Quote from: Ferg on Aug 19, 2025, 01:53 PMOne of the brokers has released a report with a forecast NPAT of $93m on sales of $1.1b for FY26 which puts them on an 8.4% NPAT%.  That would be good to see and it would be the highest NPAT% in the last 7 years if it happens.
$93m NPAT translates to 52c EPS which puts FRW on a 1 year forward P/E ratio of around 23.
Very similar CAGR to HLG and yet on broker forecasts for FY26 HLG on half that forward PE.  Hmmm

Ferg

Trading update at the ASM today:
https://api.nzx.com/public/announcement/461650/attachment/455433/461650-455433.pdf

A couple of things to note:
"The NZ economy is no longer a headwind, although has yet to spark any material growth; some signs the Australian economy is slowing although our business remains buoyant."

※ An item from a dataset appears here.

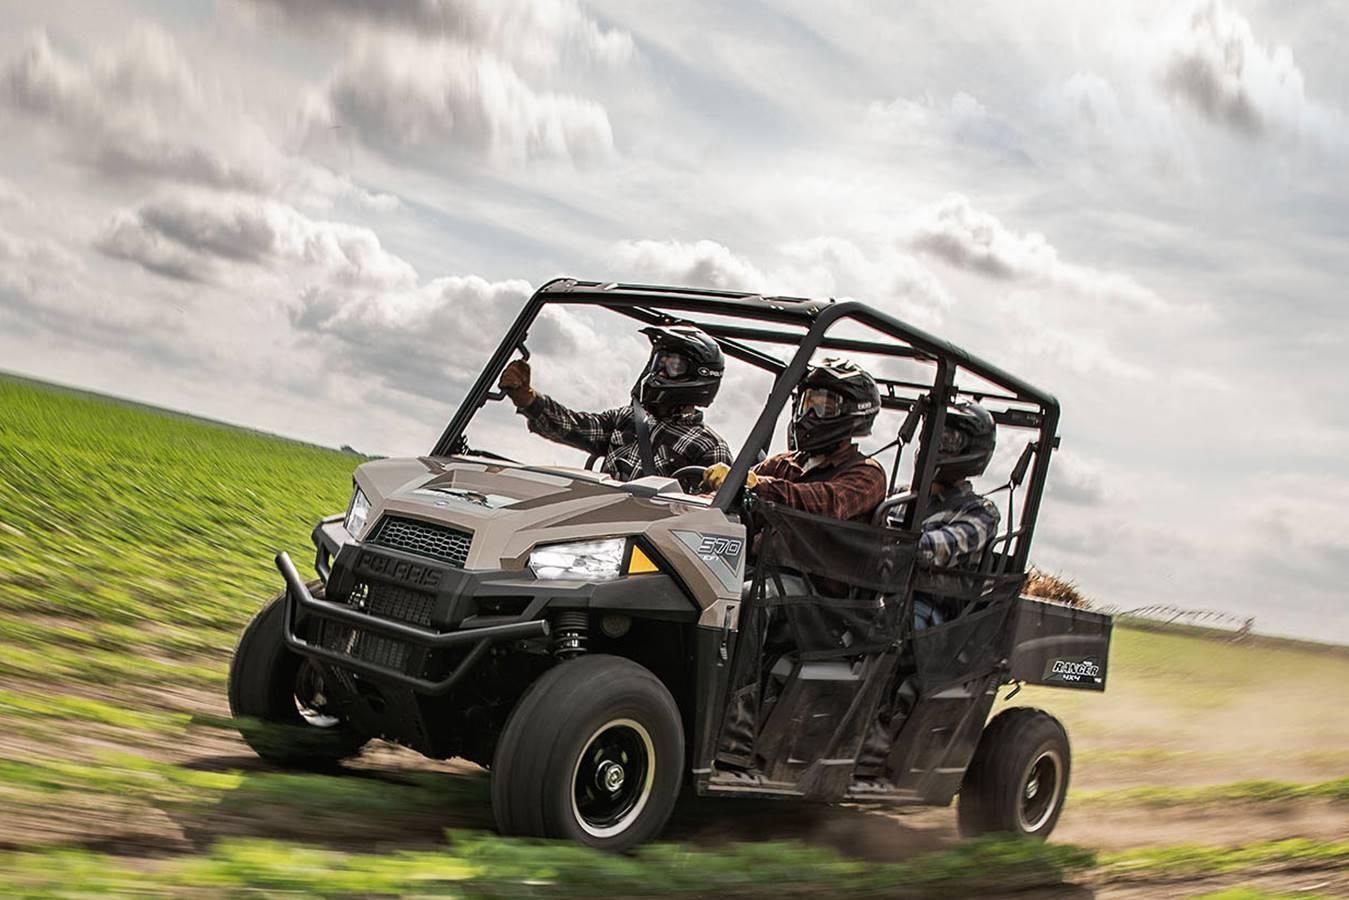 2019 Polaris Ranger Crew 570-4 for sale 3991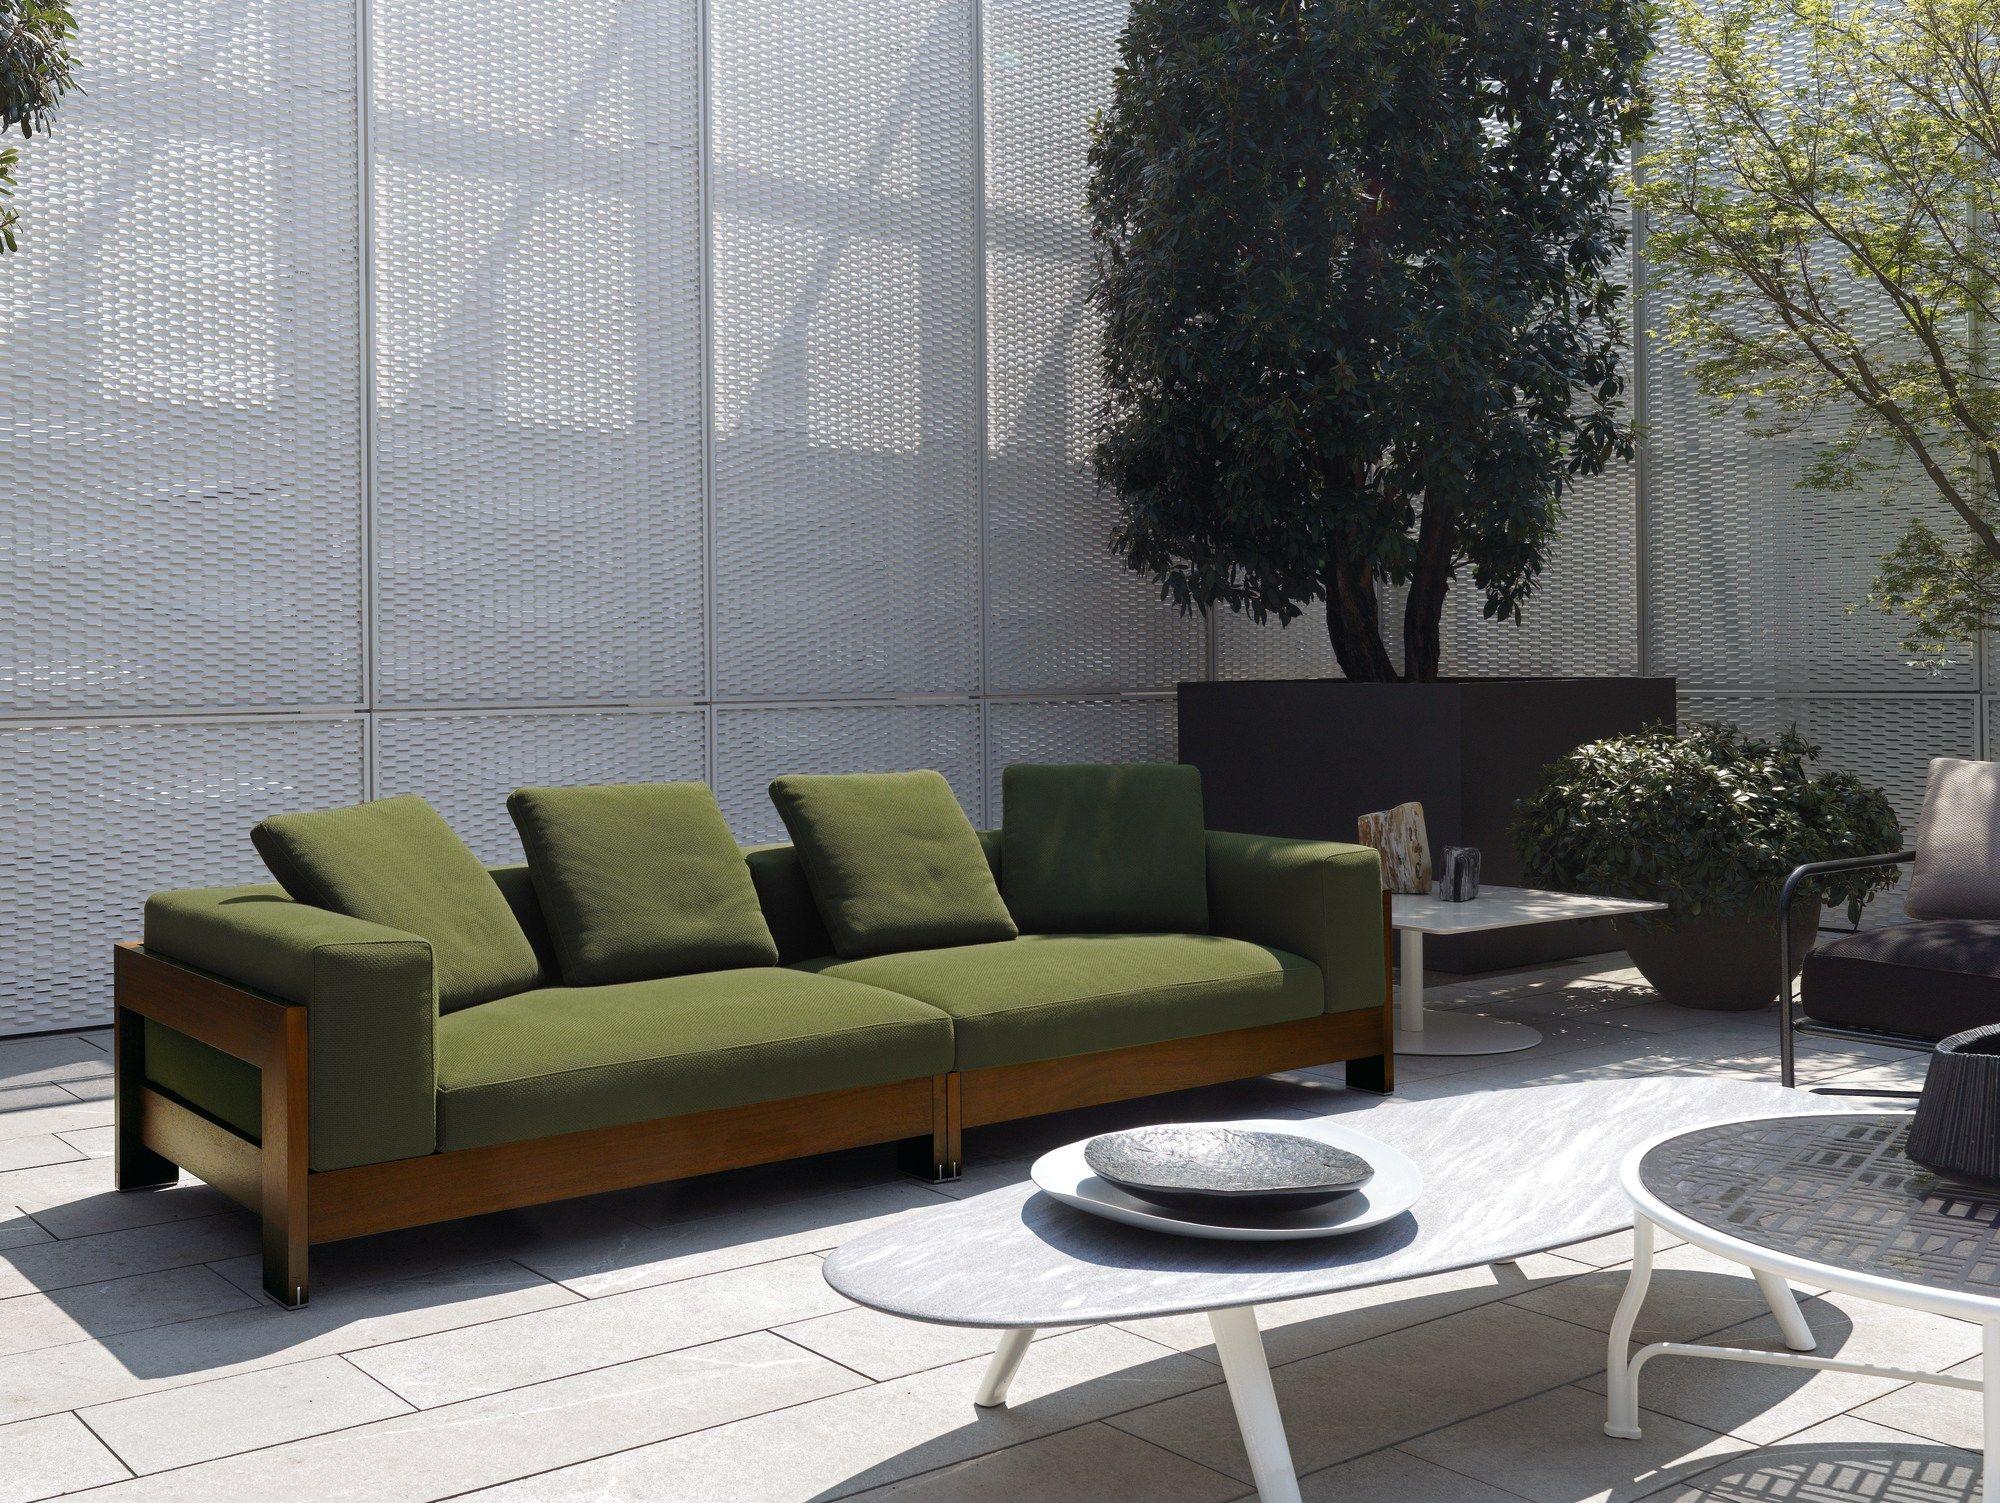 Alison iroko outdoor by minotti design roberto minotti for Sofa exterior de obra

Q1 trading update: revenue up +8.6%; NPAT up +22.5%.

FY26 forecast: "The slow improvement in NZ volume from H2 FY25 has continued but remains at modest levels" and "Any positive economic momentum, along with our efficiency and pricing initiatives, would assist to expand margins in the year ahead."

Nothing firm for FY26 guidance but Q1 is looking good.